== DATA BELOW ==
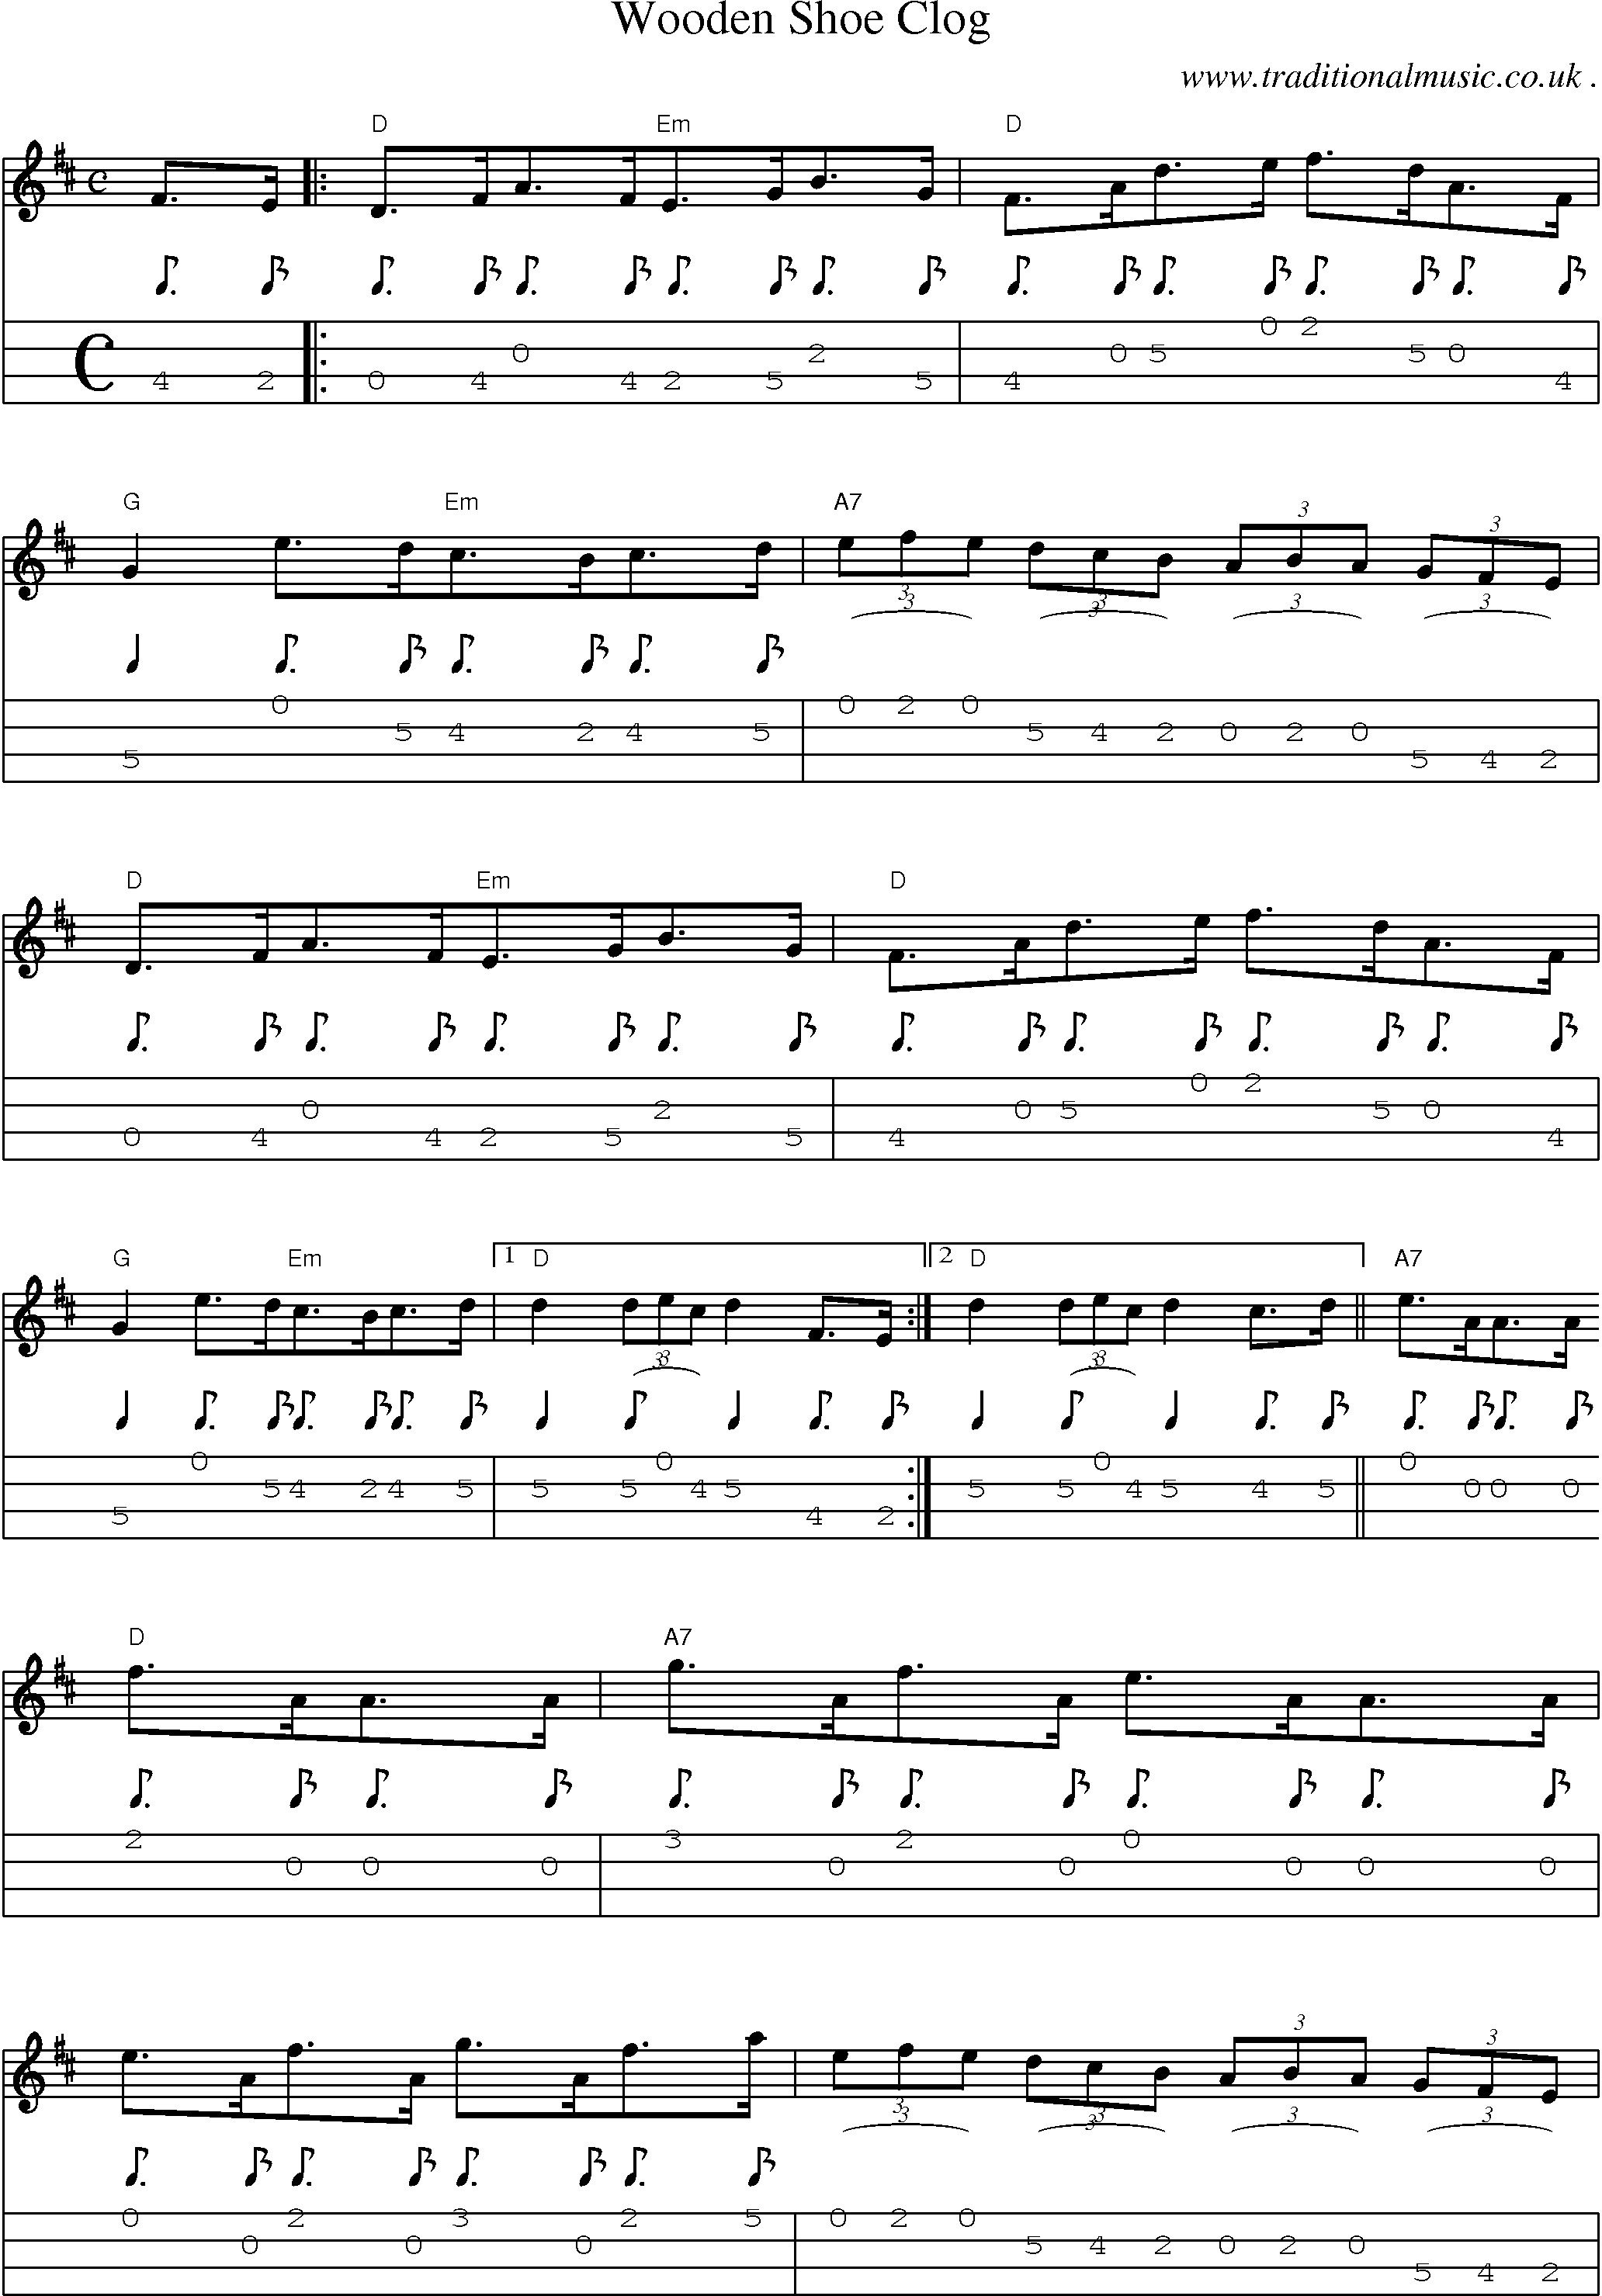 Sheet-Music and Mandolin Tabs for Wooden Shoe Clog
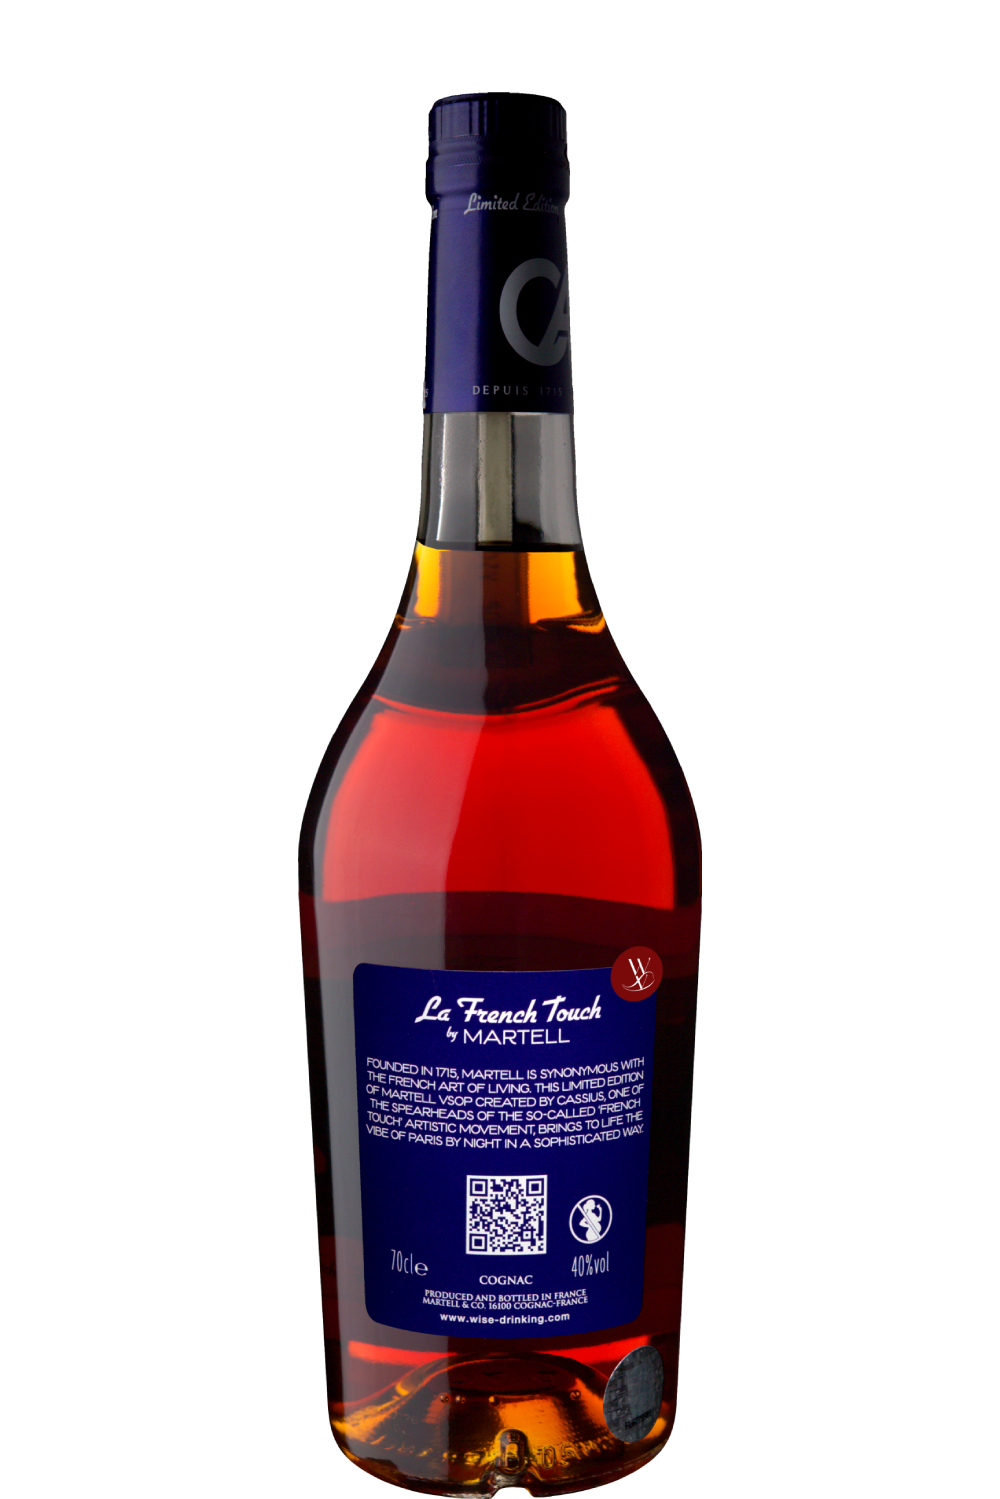 WineVins Martell VSOP La French Touch Edition
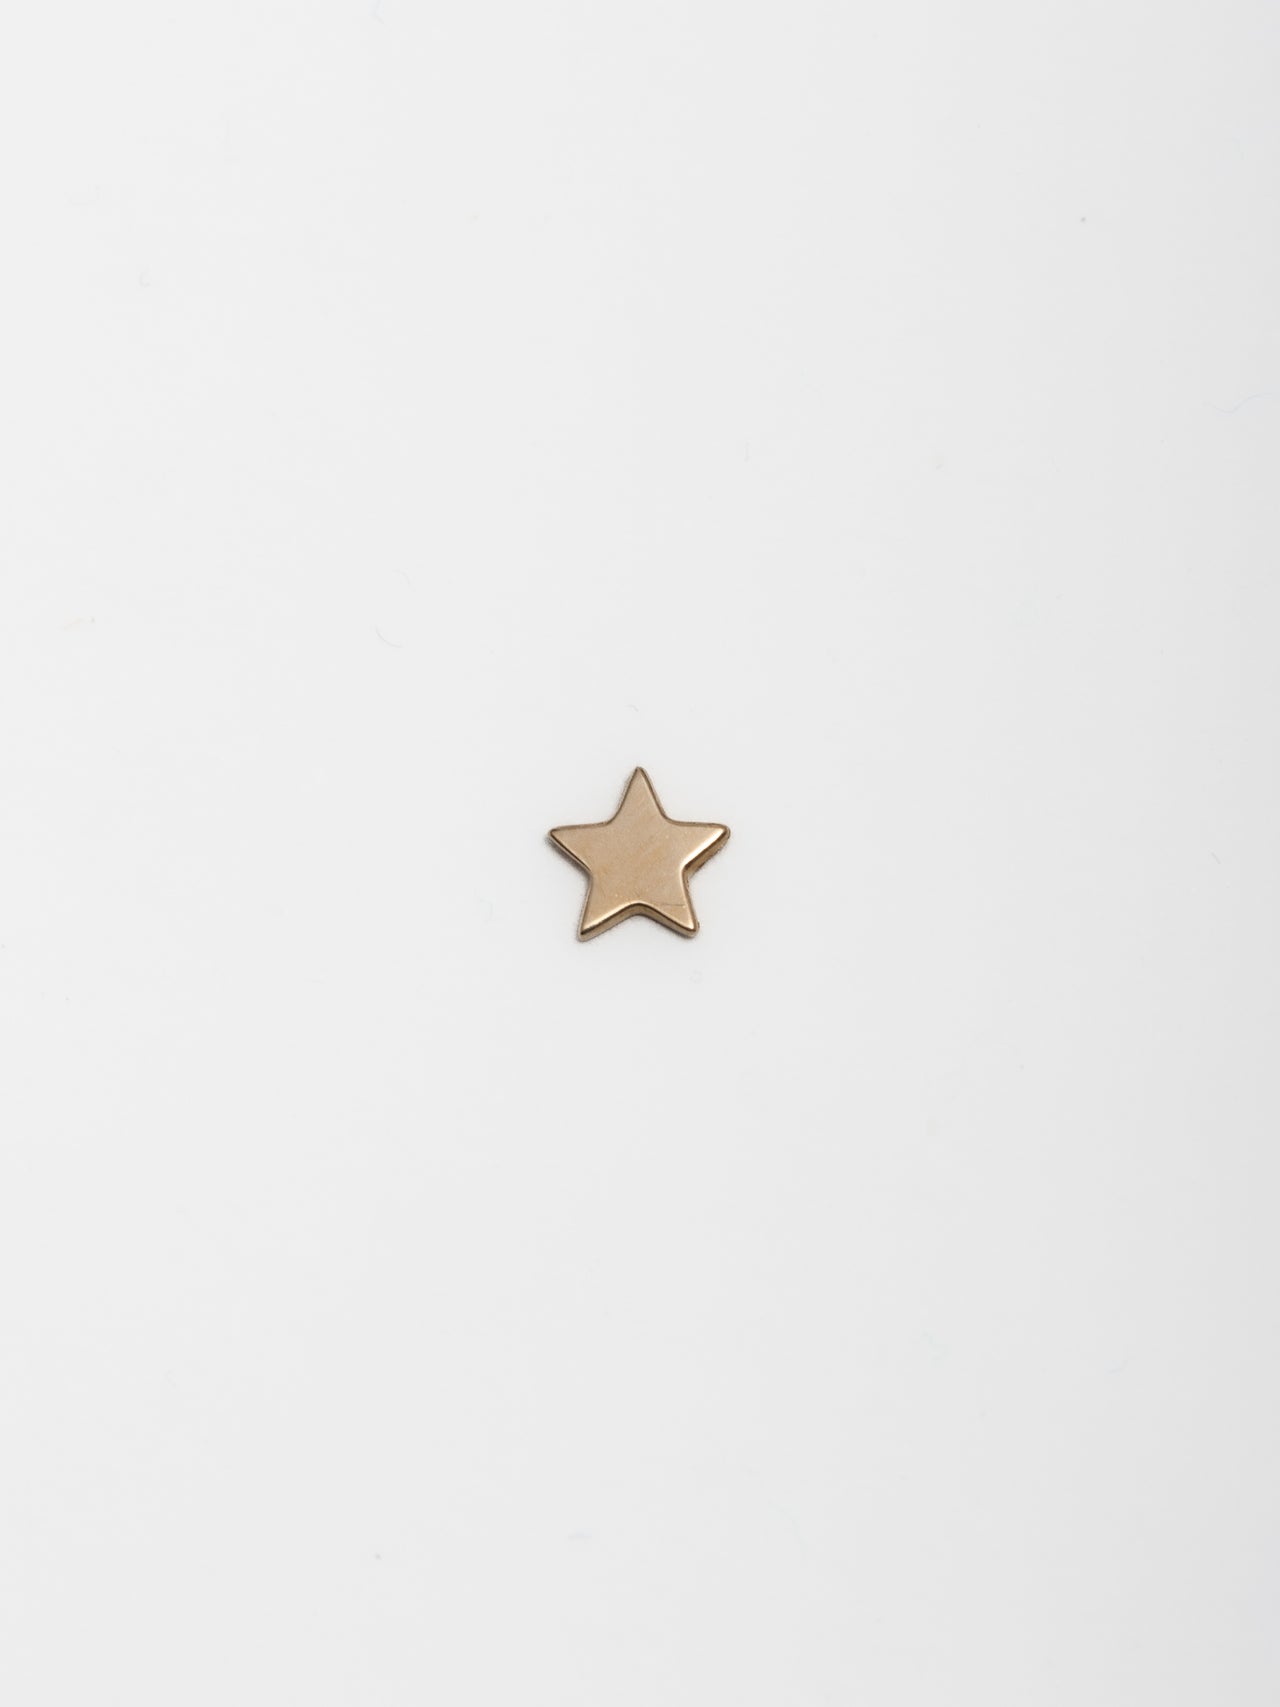 14kt Yellow Gold Mini Star Stud pictured on light grey background.
===
THE TASK
Transcribe all data precisely. Pictures are not copied.

SOLVED PROBLEM
 Sheet-Music and Mandolin Tabs for Wooden Shoe Clog
 WineVins Martell VSOP La French Touch Edition
 14kt Yellow Gold Mini Star Stud pictured on light grey background.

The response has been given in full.